Possible bikeshedding opportunity: should the bounds check be removed from the offset variant? Compilers will likely optimize it away anyways, so I thought it's better to leave it in, just in case someone modifies the implementation and forgets to re-add the check.

zherczeg commented 10 months ago

Perhpas the reason is performance?

ksh8281 commented 10 months ago

It is for performance. You can check it with wasmBenchmark. IMO We can use another way to avoid it.

zherczeg commented 9 months ago

@ksh8281 do you have a suggestion for another way? This is an issue on arm32, where the compiler thinks the 64 bit value is 4 byte aligned, and uses the ldp instruction. The engine crashes with alignment fault then.

ksh8281 commented 9 months ago

How about to add specialized version of Memory::load, Memory::store for uint64_t in arm32? IMHO specialized version of Memory::load, Memory::store can use memcpy In my experience, if I use memcpy, compiler consider the dst address can be unaligned, so there is no crash on arm32 https://github.com/Samsung/escargot/blob/c12763a4df124db7f60a7299cd51d5b86e8986a3/src/codecache/CodeCacheReaderWriter.h#L130 Or use can divide 64bit read/write into 32bit read/write for arm32 https://github.com/Samsung/escargot/blob/c12763a4df124db7f60a7299cd51d5b86e8986a3/src/runtime/TypedArrayInlines.h#L172

zherczeg commented 9 months ago

As far as I know, the compilers do memcpy optimizations when possible. So they understand that you want to move an unaligned 64 bit value, and do it in the best way (e.g. two unaligned 32 bit loads). The proposed code also use memcpy because the called function is also just an endian aware memcpy. We could check what happens if we use memcpy everywhere.

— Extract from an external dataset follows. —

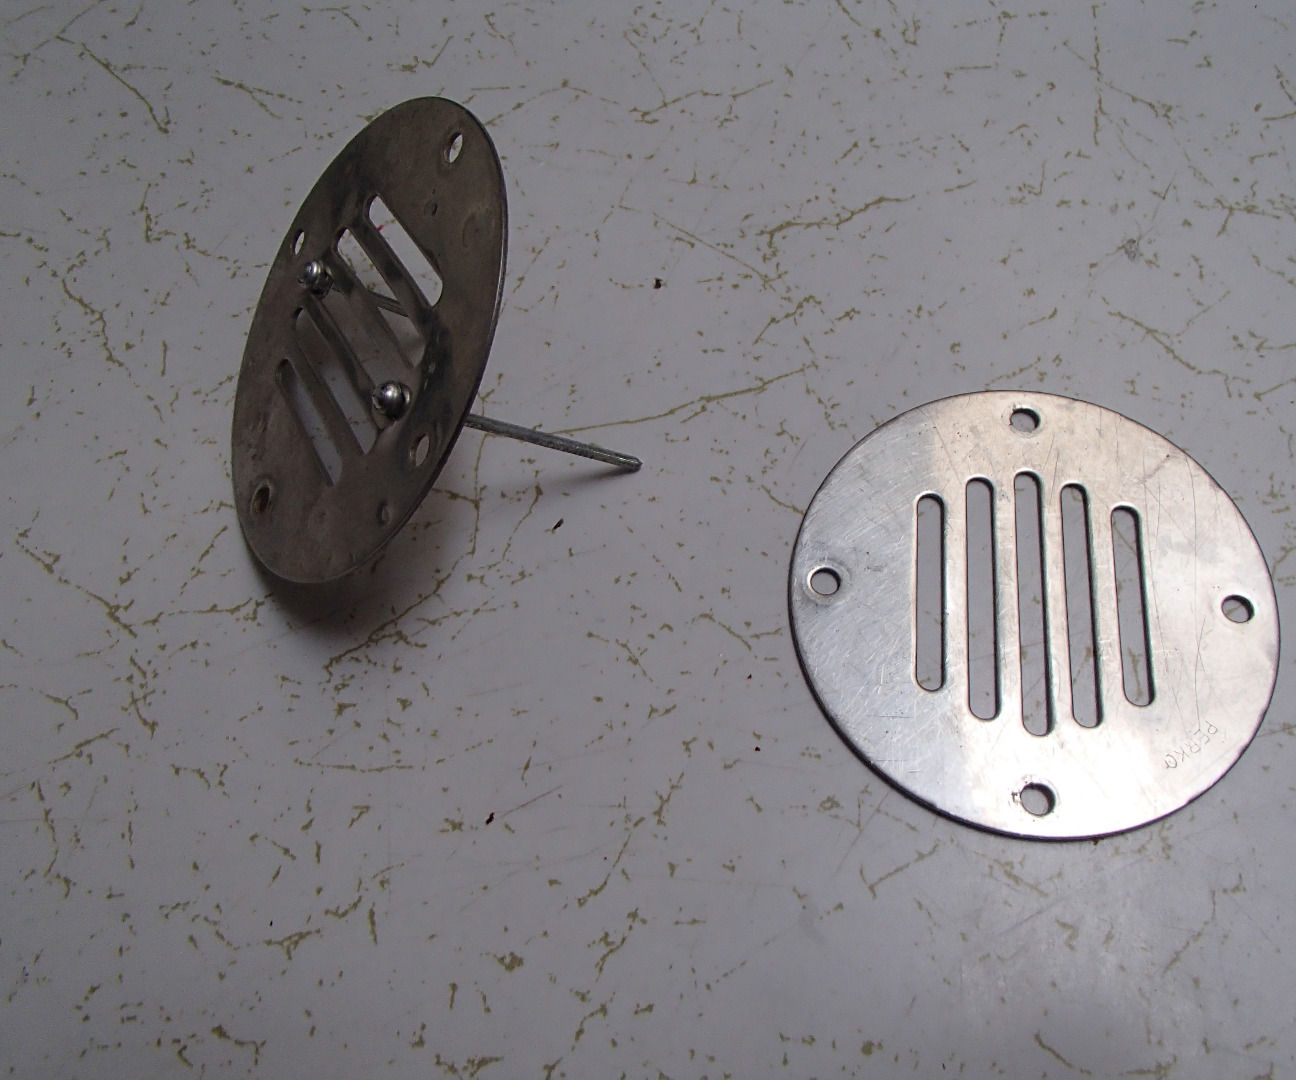 Removable Drain Covers for Sailboat Cockpit Drains
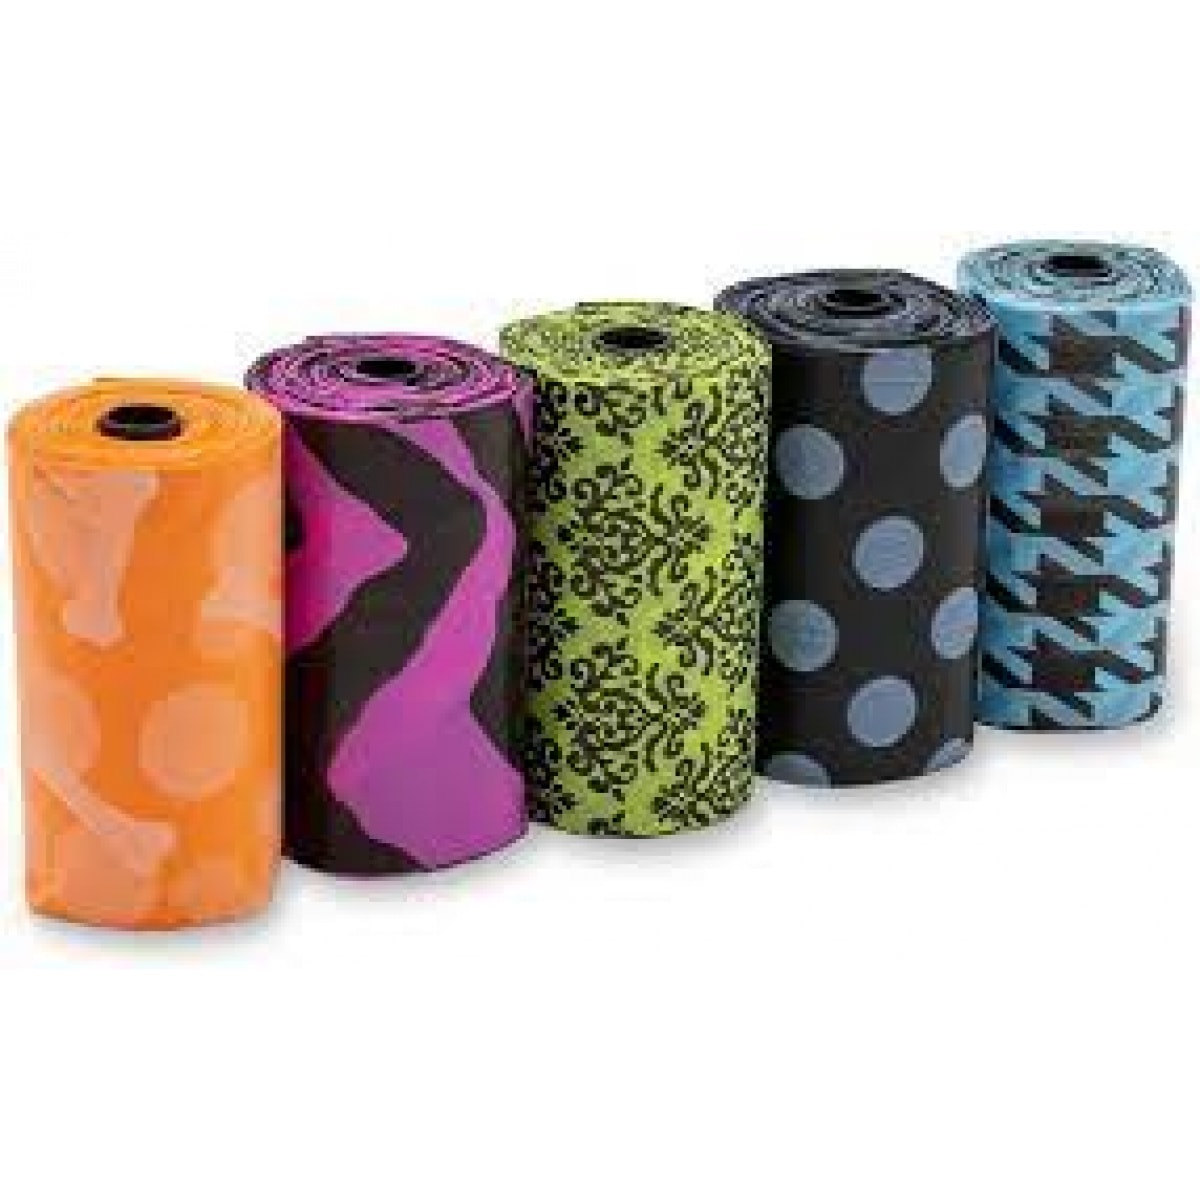 Bags on Board Refills – Patterned – Pawfect Supplies Ltd Product Image

ghost commented 9 months ago

It already gets specialized, because it's a template. I looked at the generated assembly, there was no call to memcpy (or at least I couldn't find one, but I'm double checking now with Ghidra), it was optimized out, just as expected. As far as I know, compilers always create new code for every template instantiation, because that tends to be better for speed, even though it's worse for code size.

ghost commented 9 months ago

These are all the references to Walrus::Memory::load in release mode on armhf according to arm-linux-gnueabihf-objdump -SldrwC out-shell/release/arm/walrus | grep Walrus::Memory::load:

void Walrus::Memory::load<Walrus::SIMDValue<unsigned int, (unsigned char)2> >(Walrus::ExecutionState&, unsigned int, unsigned int, Walrus::SIMDValue<unsigned int, (unsigned char)2>*) const:
void Walrus::Memory::load<Walrus::SIMDValue<int, (unsigned char)2> >(Walrus::ExecutionState&, unsigned int, unsigned int, Walrus::SIMDValue<int, (unsigned char)2>*) const:
void Walrus::Memory::load<Walrus::SIMDValue<unsigned short, (unsigned char)4> >(Walrus::ExecutionState&, unsigned int, unsigned int, Walrus::SIMDValue<unsigned short, (unsigned char)4>*) const:
void Walrus::Memory::load<Walrus::SIMDValue<short, (unsigned char)4> >(Walrus::ExecutionState&, unsigned int, unsigned int, Walrus::SIMDValue<short, (unsigned char)4>*) const:

As for store, there are no references:

% arm-linux-gnueabihf-objdump -SldrwC out-shell/release/arm/walrus | grep Walrus::Memory::store
%

I think it's pretty clear the compiler knows what it's doing.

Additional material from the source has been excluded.